T-shirts need a stabilizer to keep them from stretching. An interfacing ironed on the back. Use a light weight interfacing, if a knit, iron it on in the other direction (so that the knits are perpendicular to each other).

Prism99 05-31-2013 09:14 AM

What you can do is cut freezer paper to the finished block size and iron that to the back of your t-shirt pieces. This will stabilize the edges when you sew. Pin and sew your seams right up to the edge of the freezer paper. Peel off freezer paper afterwards.

The blocks on-point have stretched along their bias sides. That is why you are getting the ripples in the point ends.

Edit: I mean adding the freezer paper to your already-interfaced t-shirt pieces.

Tartan 05-31-2013 09:15 AM

It is looking good! When you quilt it, just machine stitch around the motifs in the big squares and it should help take up a little of the floppy.

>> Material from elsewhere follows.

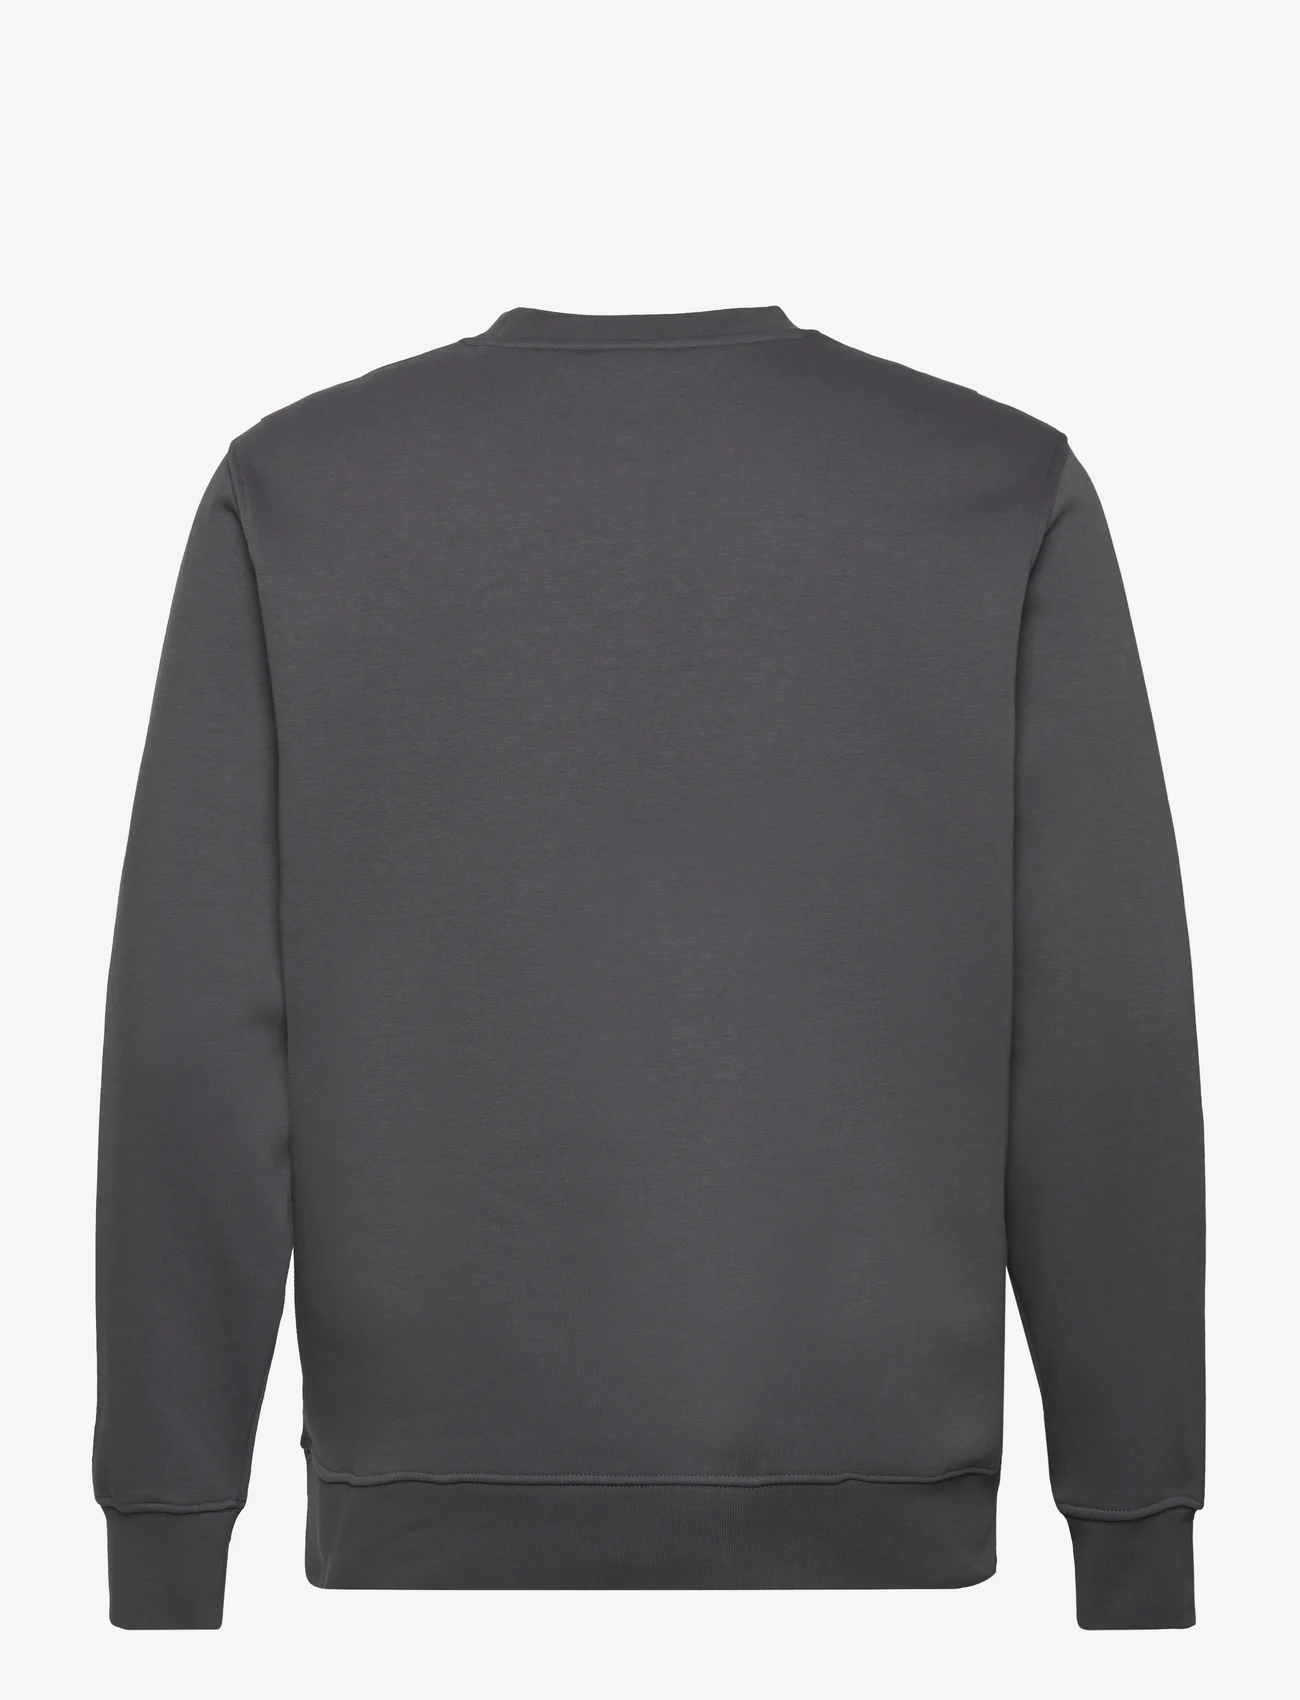 Mango - Lightweight cotton sweatshirt - laveste priser - dark grey - 1

meyert 05-31-2013 09:16 AM

I did use interfacing.. but it was not woven, so there were no knits (or at least that is what I thought). I ironed it to the backside of the tee shirts. When I cut the pieces smaller it seemed to work like a charm, but these bigger blocks are a different story

Dina 05-31-2013 09:16 AM

It is going to be a great looking quilt! I have no suggestions to help, since you have already interfaced the T-shirt fabric. I would have thought that would be enough. Guess I need to rethink that, huh?

Dina

meyert 05-31-2013 09:57 AM

Prism99 - Freezer paper??? I have never heard of that.... interesting. Does it matter which side of the paper I put towards the fabric?Will the freezer paper mess with the interfacing?

Tartan: Thats a good idea on the quilting... was wondering what the best plan of attack would be

Lisa_wanna_b_quilter 05-31-2013 10:50 AM

Shiny side of freezer paper to the fabric --- ALWAYS!!!! If you mess that one up, you have a waxy mess on your iron.

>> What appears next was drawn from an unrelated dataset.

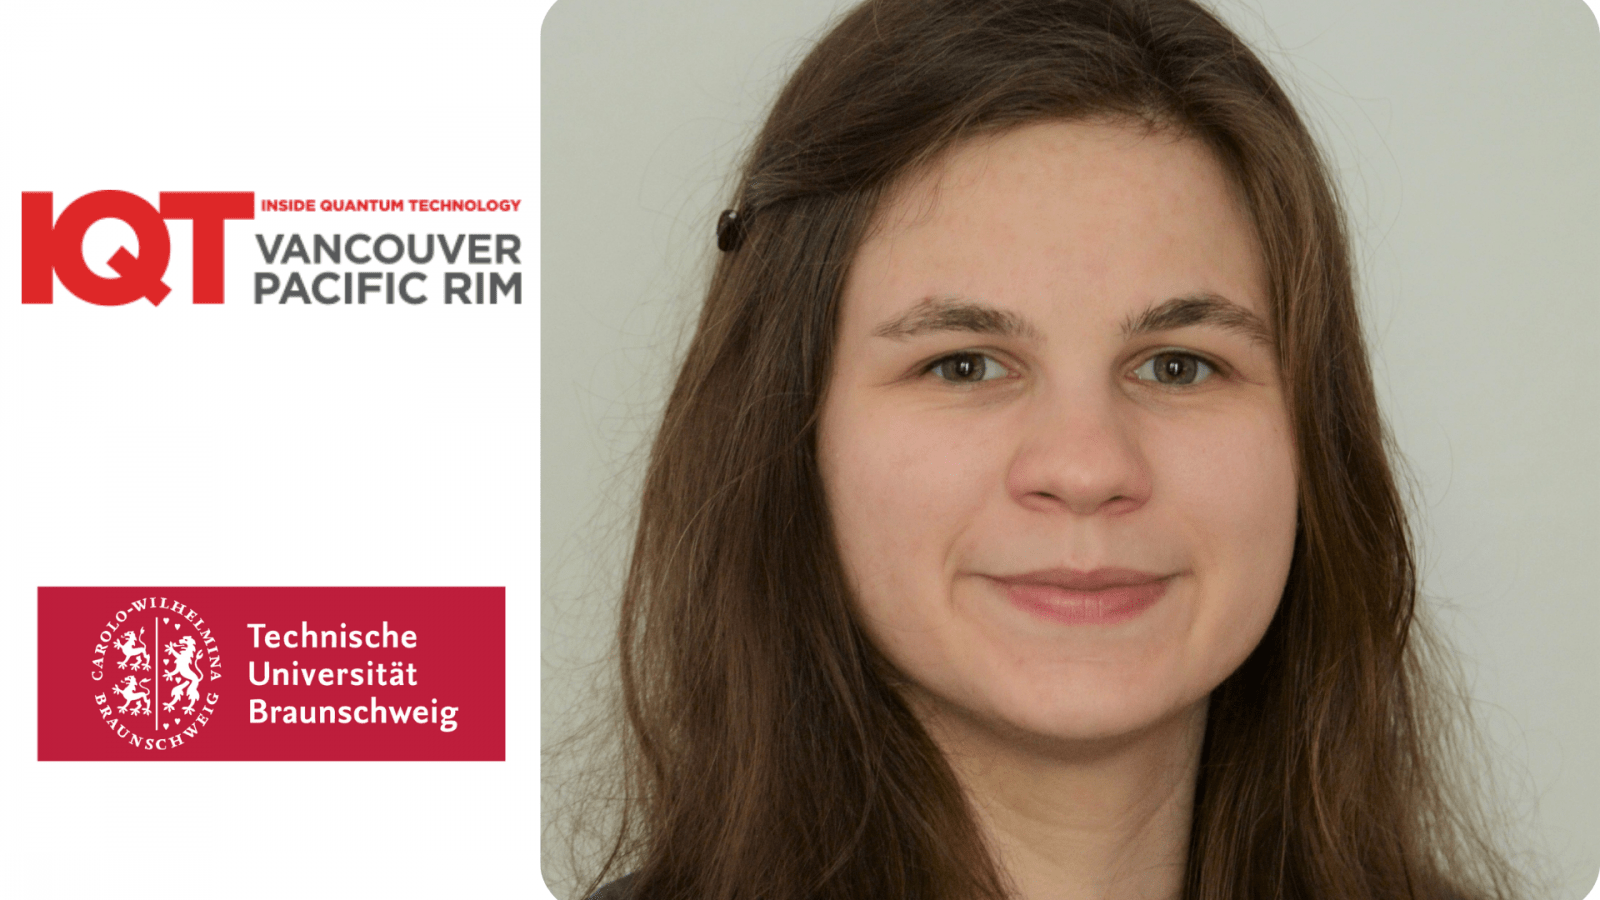 Actualización de IQT Vancouver/Pacific Rim: Franziska Greinert, asistente de investigación de la Universidad Técnica de Braunschweig, es oradora de 2024 - Inside Quantum Technology

Prism99 05-31-2013 11:22 AM

Freezer paper is used extensively by quilters for a variety of purposes. I use it mostly for machine applique. Some people use it for paper piecing. It is also used for making compass stars (complex patterns that require accuracy).

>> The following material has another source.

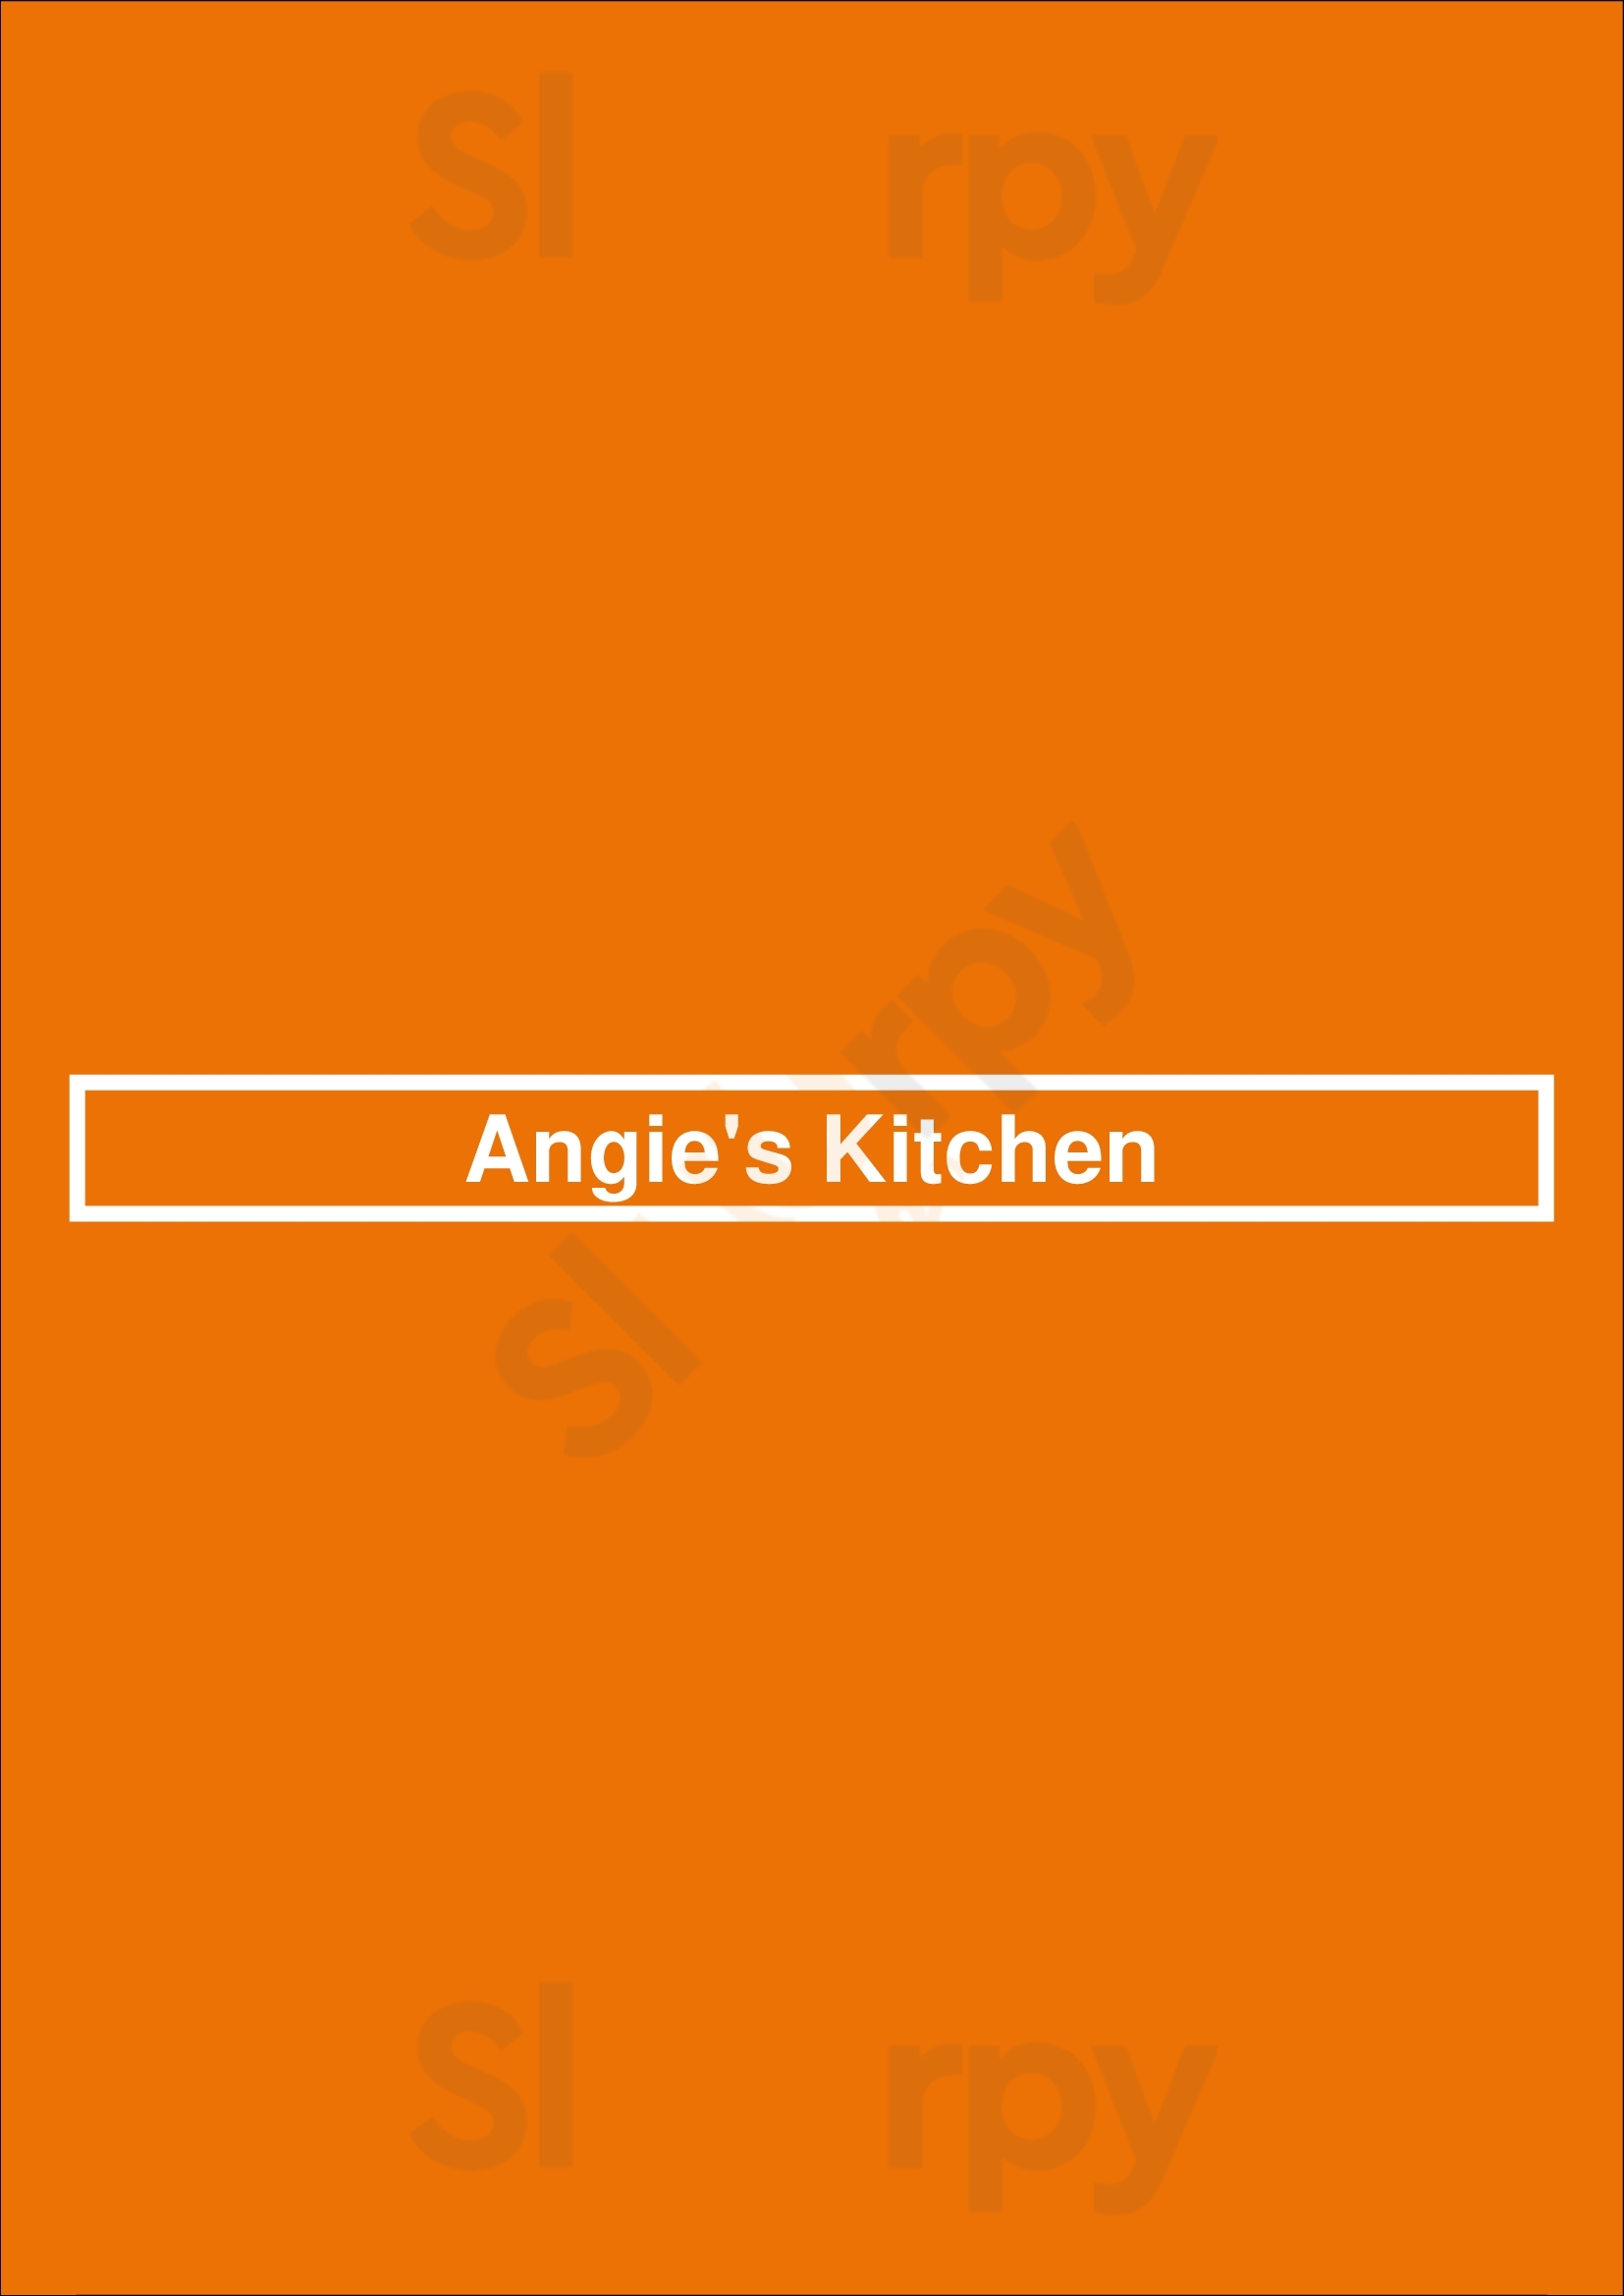 Angie's Kitchen Den Haag Menu - 1

Iron the shiny side of the freezer paper to the wrong side of your blocks. It peels off easily and should not interfere with your interfacing. I am assuming the interfacing was ironed to the t-shirt material, so the side that you would iron the freezer paper to should not have fusible on it.

meyert 05-31-2013 02:31 PM

Thanks for the tip on freezer paper... I am going to google that for ideas. But I am confused you said to iron the shiny side of the freezer paper to the wrong side of your blocks.... then you also said that the side that you would iron the freezer paper to should not have fusible on it...... my fusible interfacing is on the wrong side of my block (the back side) What am I misunderstanding???

Prism99 05-31-2013 05:07 PM

How did you get your fusible interfacing to stick to your block??? I think the normal method is to iron the fusible to the t-shirt fabric, then cut your block. It is the fused interfacing that gives the t-shirt fabric stability. My understanding of interfacing is that it has fusible on one side. That is the side you iron to the fabric. Or did you use a two-sided fusible? I don't think two-sided fusibles are called interfacing, but maybe I am wrong about that.